**Records for the exercise**
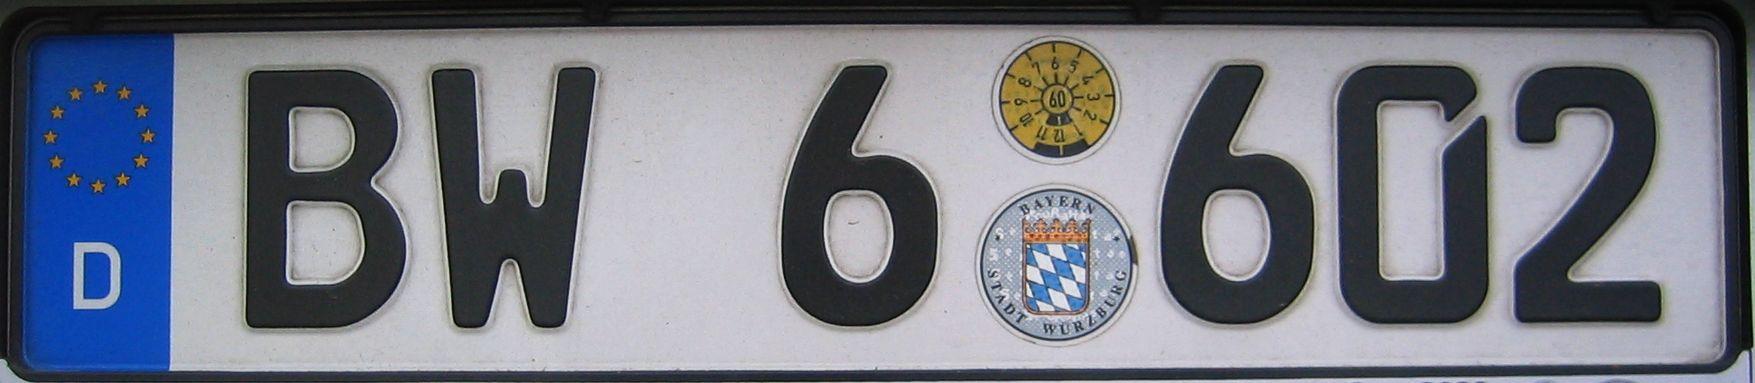 Deutsches Bundes Kennzeichen BW6 602 German car number plates
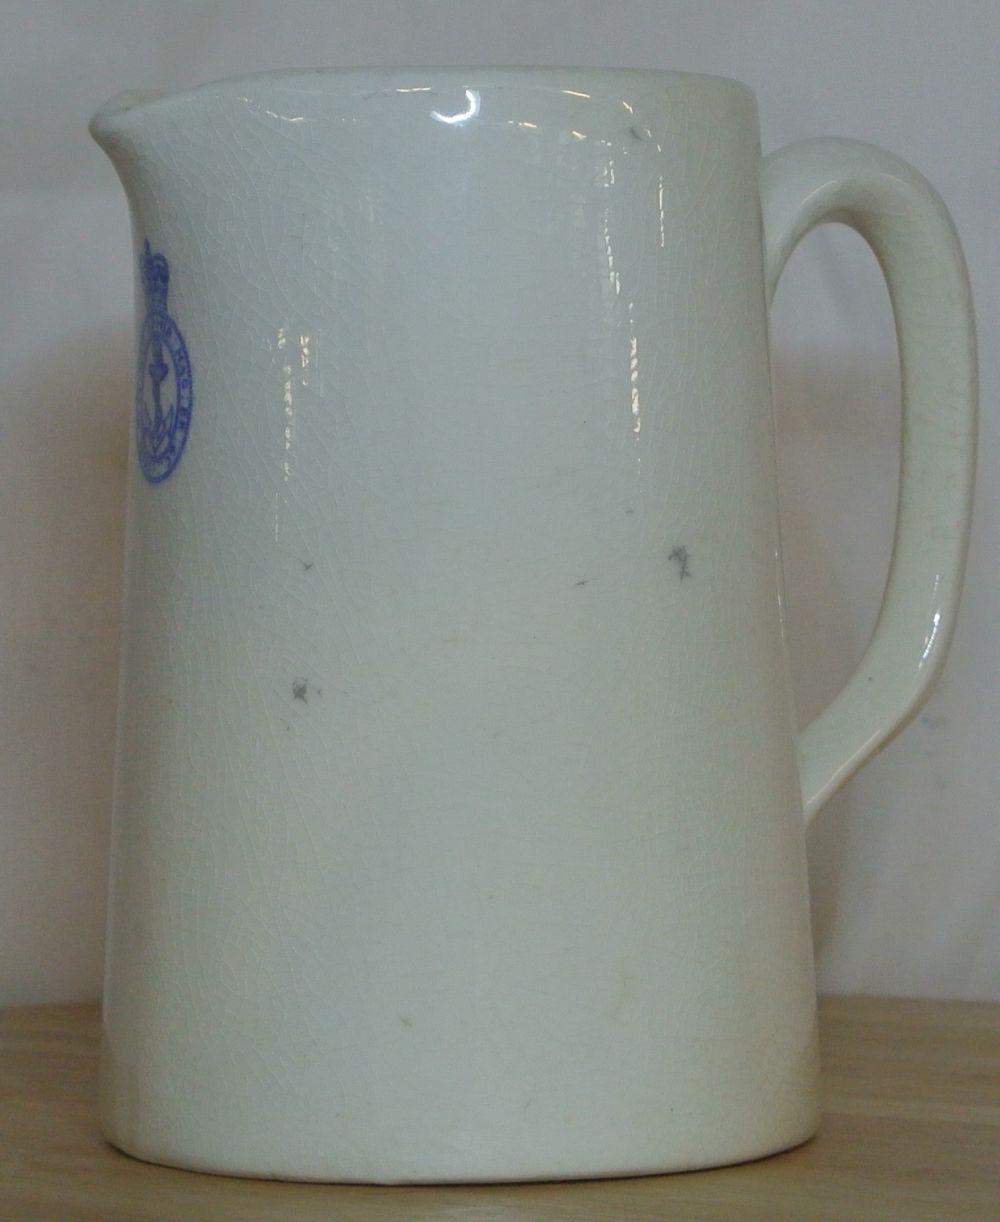 Lot 22: A vintage British Navy ceramic jug
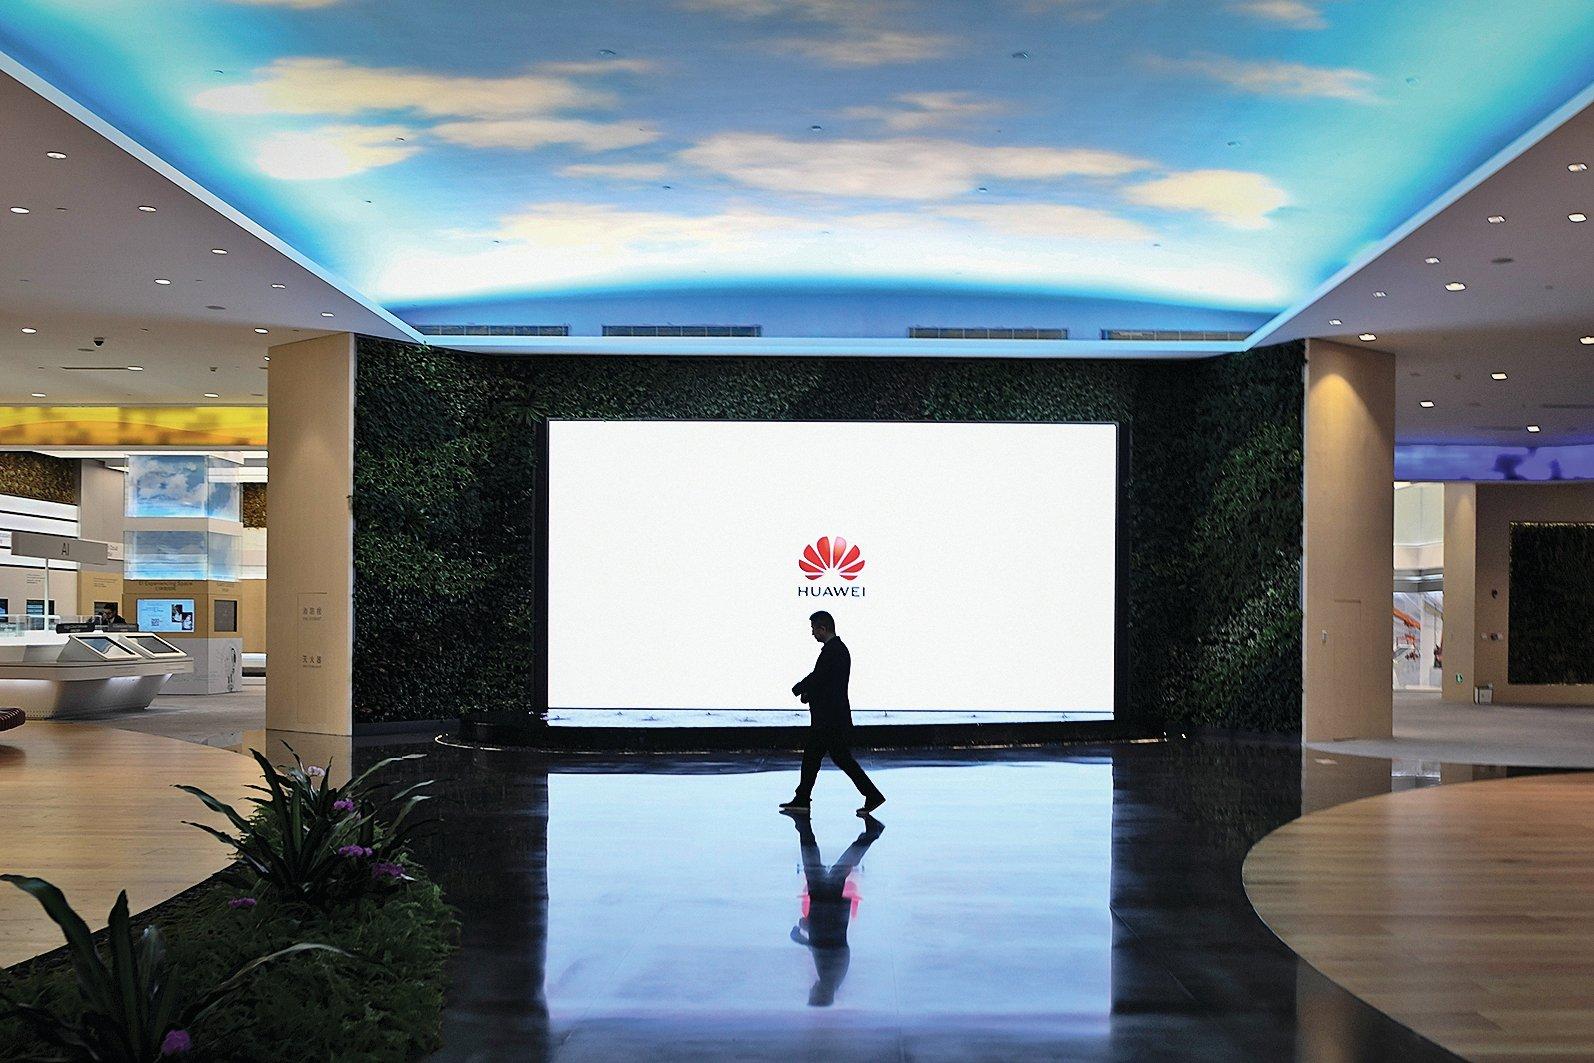 為贏得印度5G市場,華為提議簽署「無後門協議」,但鑑於華為過去的行為,印度當局對華為的承諾仍然深表質疑。(Getty Images)
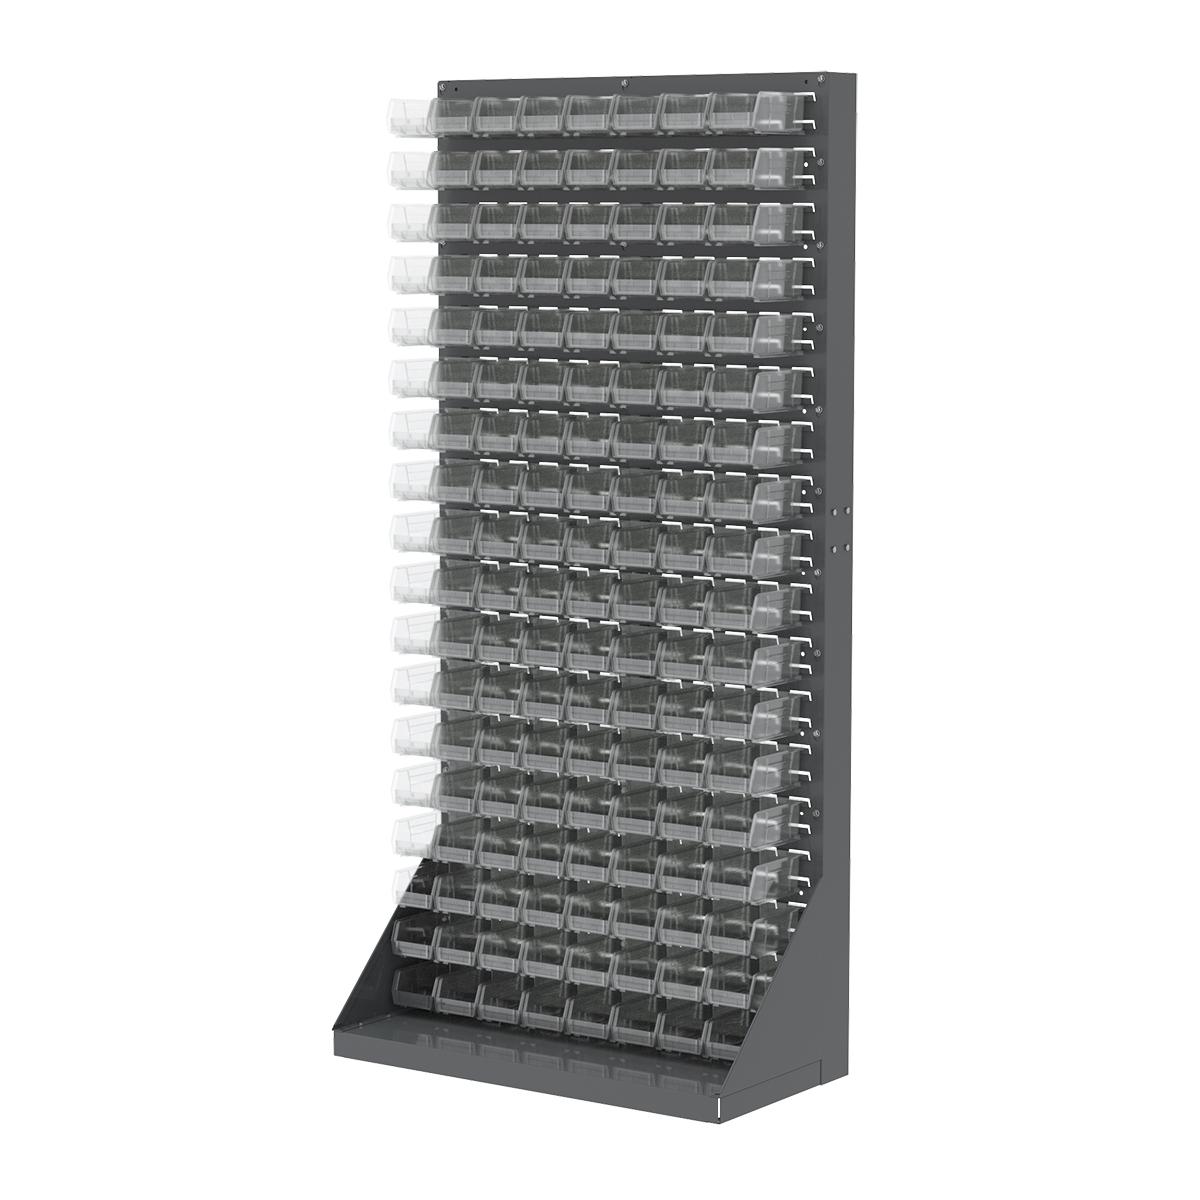 Louvered Panels Shelving Racks Akro Bins 30651
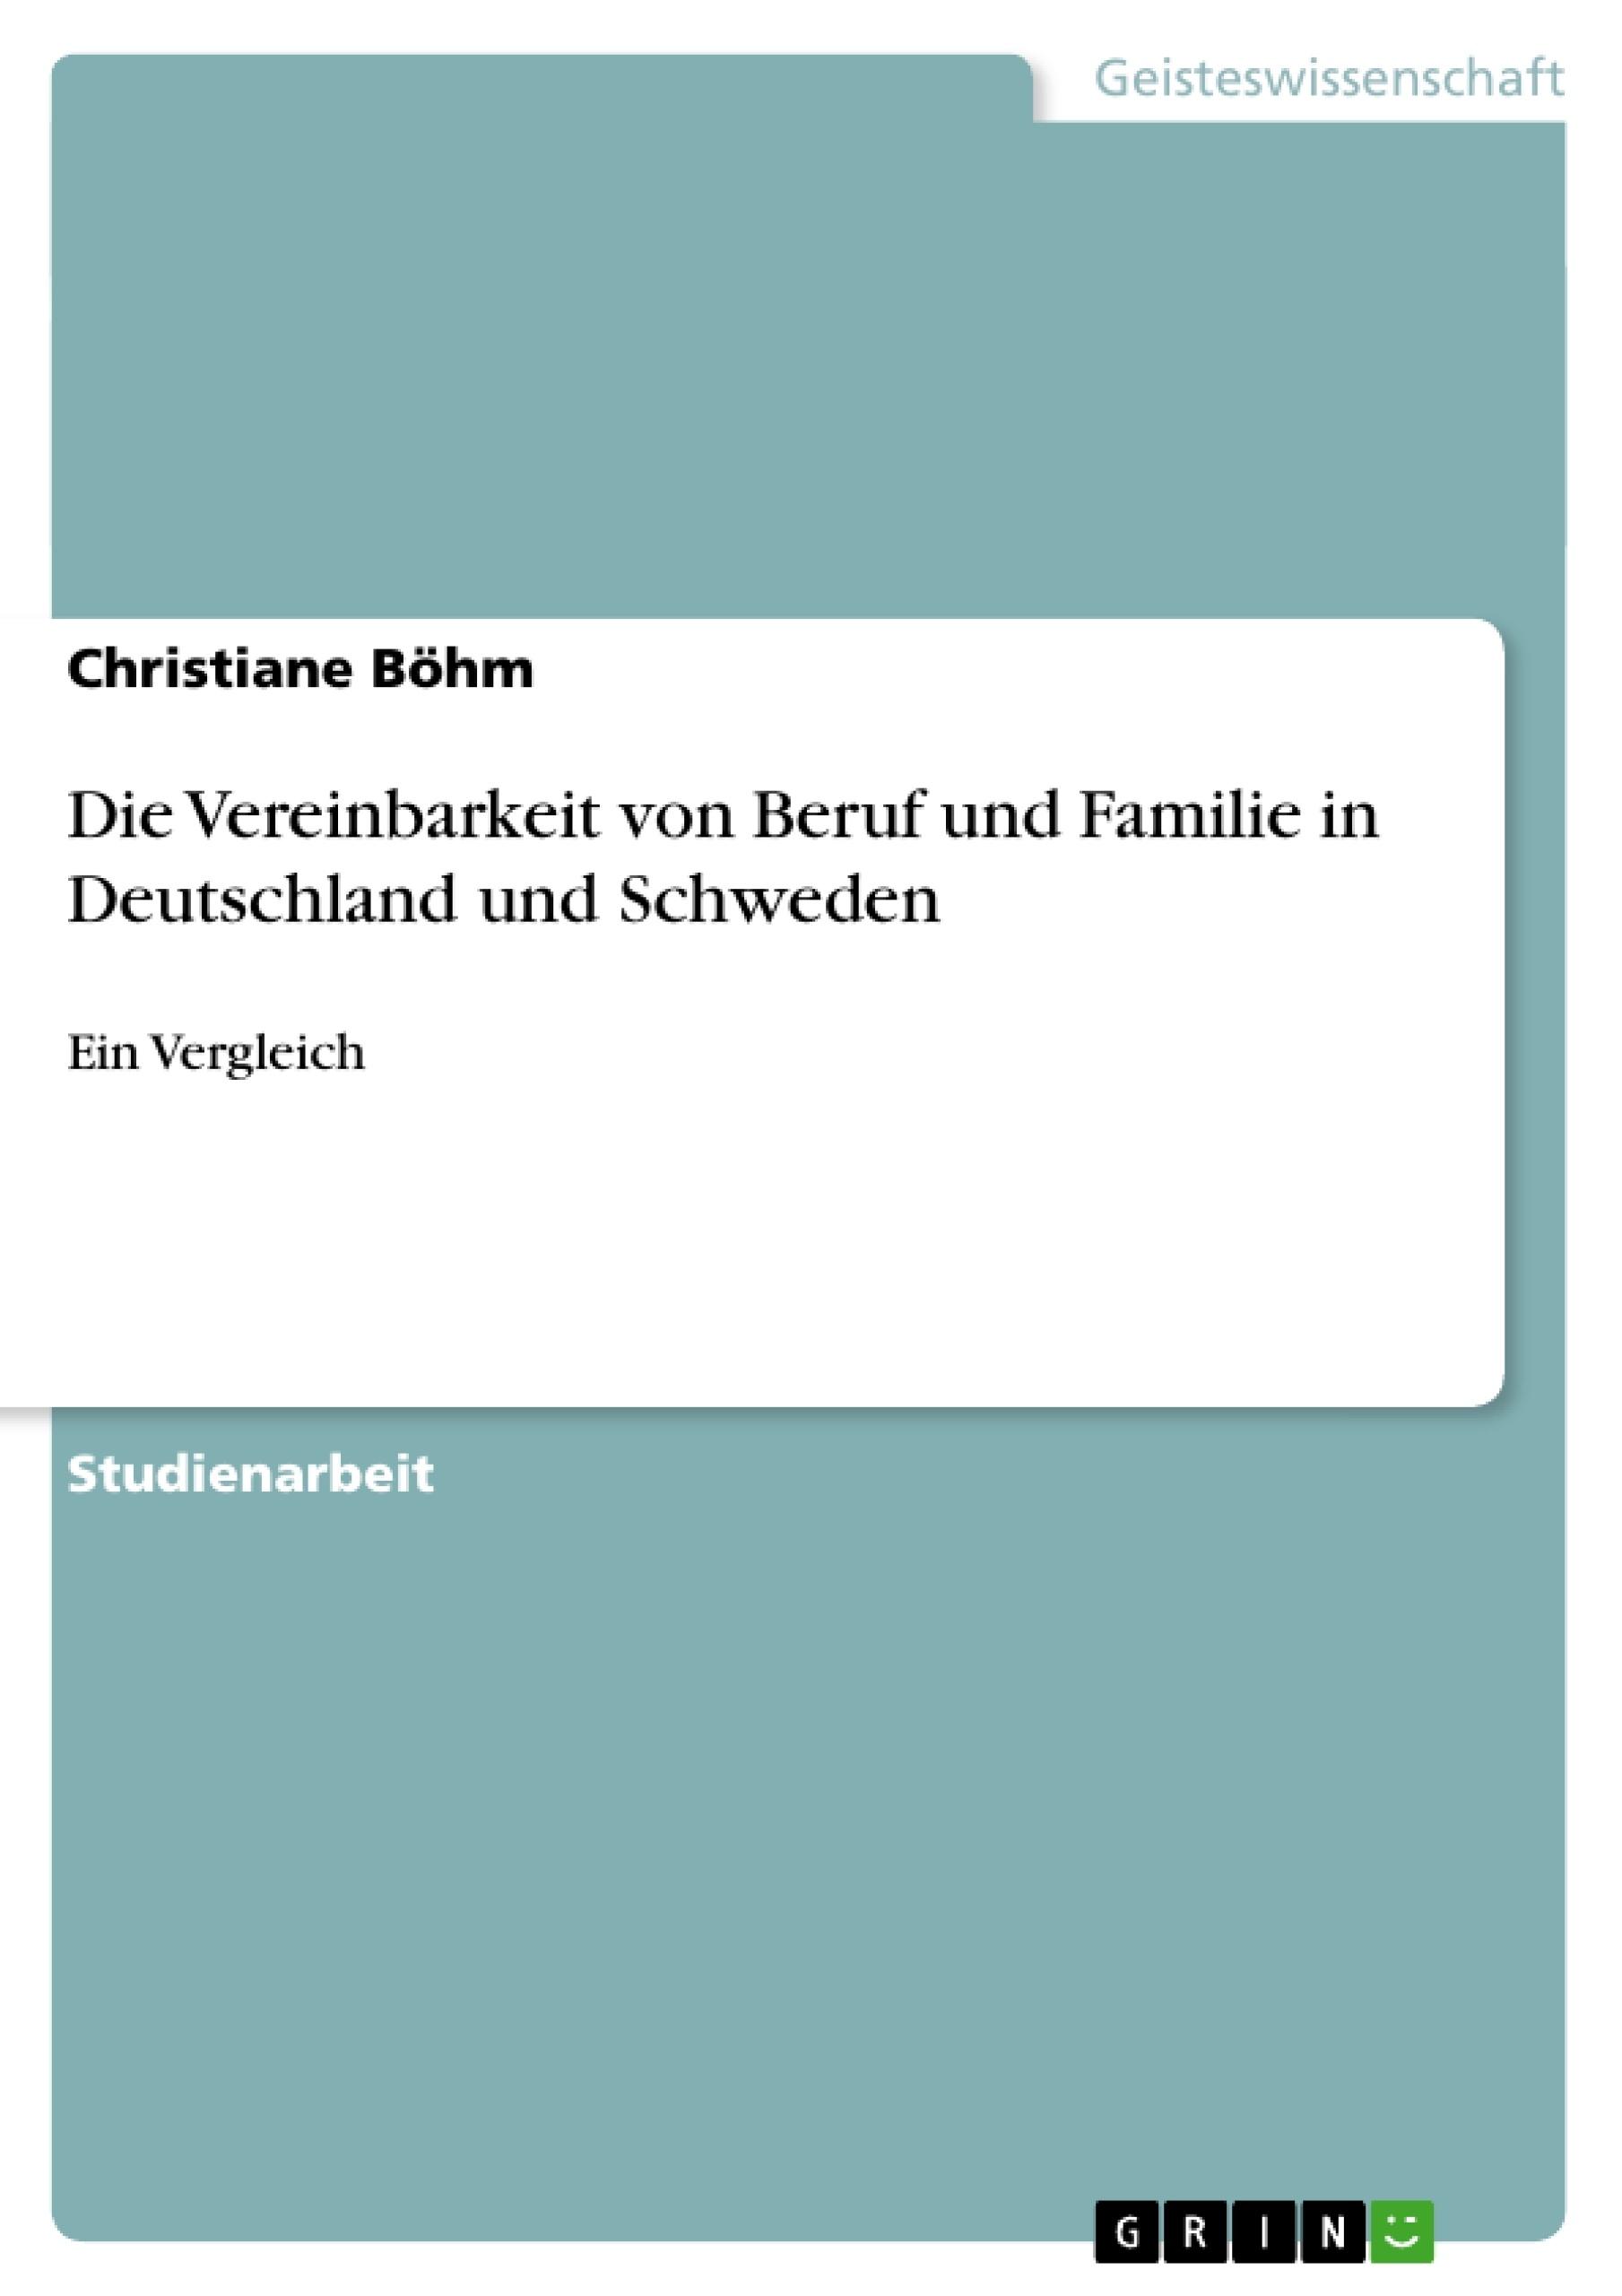 Titel: Die Vereinbarkeit von Beruf und Familie in Deutschland und Schweden

**Aim of the task**
All lines from the start of the entries above through the line containing "Louvered Panels Shelving" are to be given again exactly; the pictures are not.

**Response to this task**
 Deutsches Bundes Kennzeichen BW6 602 German car number plates
 Lot 22: A vintage British Navy ceramic jug
 為贏得印度5G市場,華為提議簽署「無後門協議」,但鑑於華為過去的行為,印度當局對華為的承諾仍然深表質疑。(Getty Images)
 Louvered Panels Shelving Racks Akro Bins 30651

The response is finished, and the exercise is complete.